We cheered Tarzan and Boy and Sheena, booed the Leopard Woman and anybody who gave any indication of being an owlhoot, drygulcher or double-crossin’ double-dealin’ scallywag.



And that was just Saturday---Sunday afternoon was a technicolor singing, dancing free-for-all, of wonderful costumes and elaborate show numbers. There were the extravaganzas: The Ten Commandments and The Robe and The Silver Chalice, and anything featuring Charlton Heston, Richard Burton, or Anthony Quinn was usually a three-hour epic that left us breathless.
We’d stay all afternoon, as the huge square cone of light came magically out of that little window in the back, just going and going, with a smooth segue from newsreel to cartoon to serial to feature. Then we’d stagger out into the bright heat or the coming darkness, drunk with action and sound, our ears ringing from the audio assault and our chests swelled with great swashbuckling and riding and shooting ambitions that took us swaggering home and up trees and onto rooftops in all our young energy.

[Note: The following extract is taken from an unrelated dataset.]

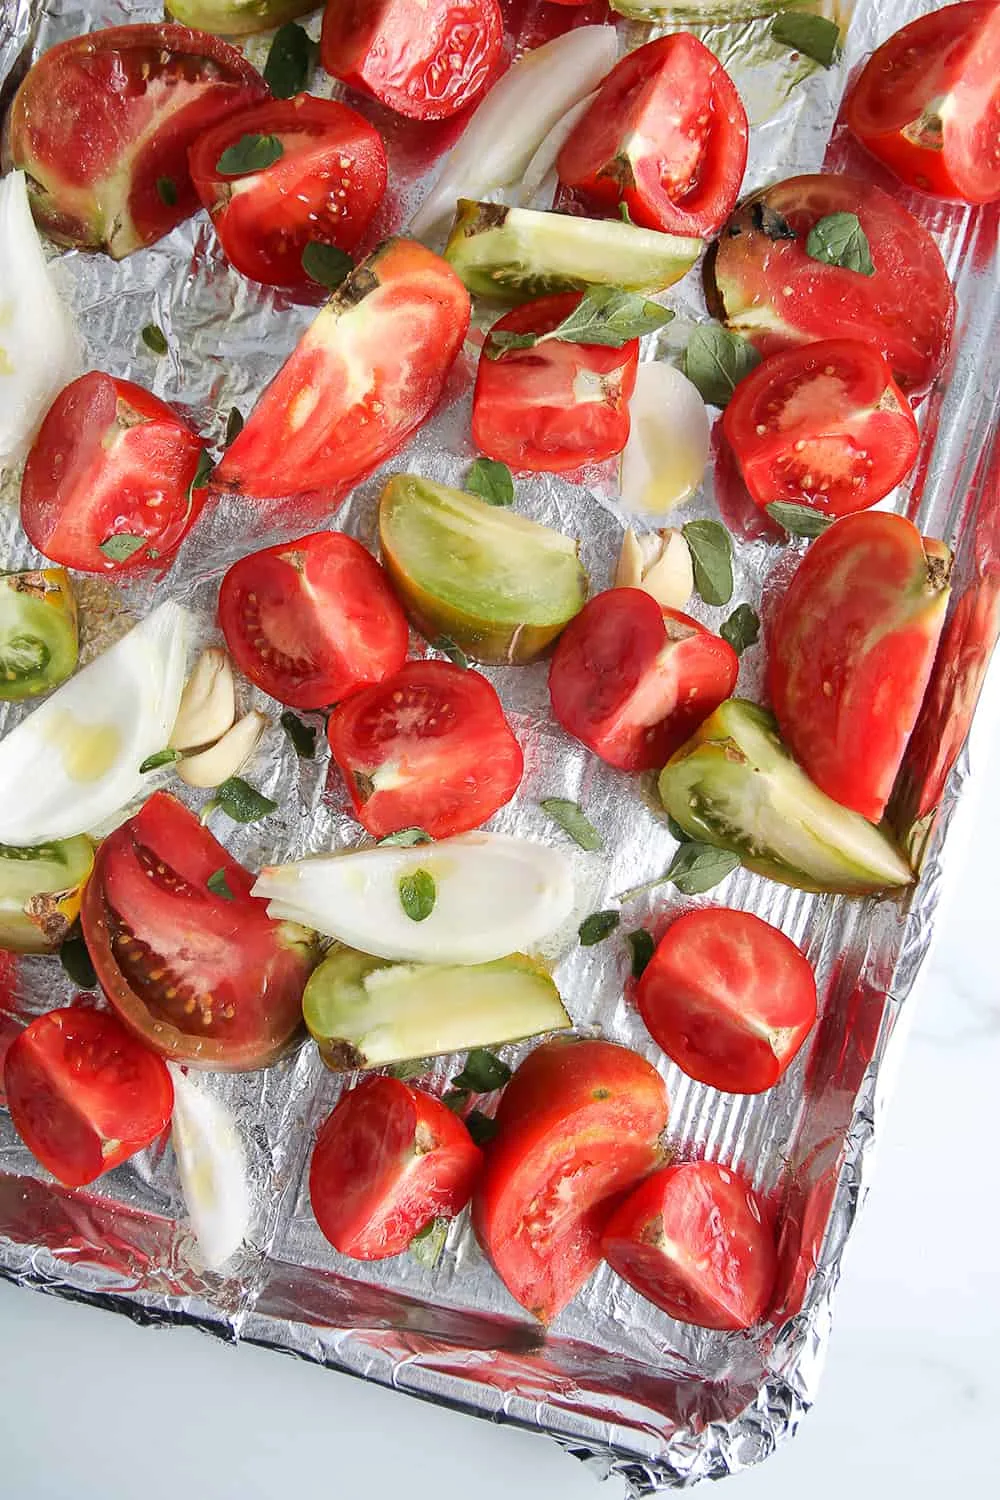 Fresh tomatoes and onions on a foil-lined sheet pan, ready to roast

Those WERE the days; those days of free time and things to do and see and run after. We went home to our suppers around the family table, woke to churchbells and another small-town day.

Our modern generations are accustomed to the bright, garish-tiled new PLEXES with sixteen vast theaters, with the lights coming on between movies and the uniformed crew ready to man the little brooms to dispose of every grain of popcorn before another crowd is allowed into the empty, ventilated  room.

I know they’ve all probably heard the phrase, but those generations who have never twice sat through a continuous run of a movie and all its attendant extras, welcome to stay on in their seats til the final lights went on to signal That's All Folks---I wonder how many of them know the real origin of, “This is where I came in.”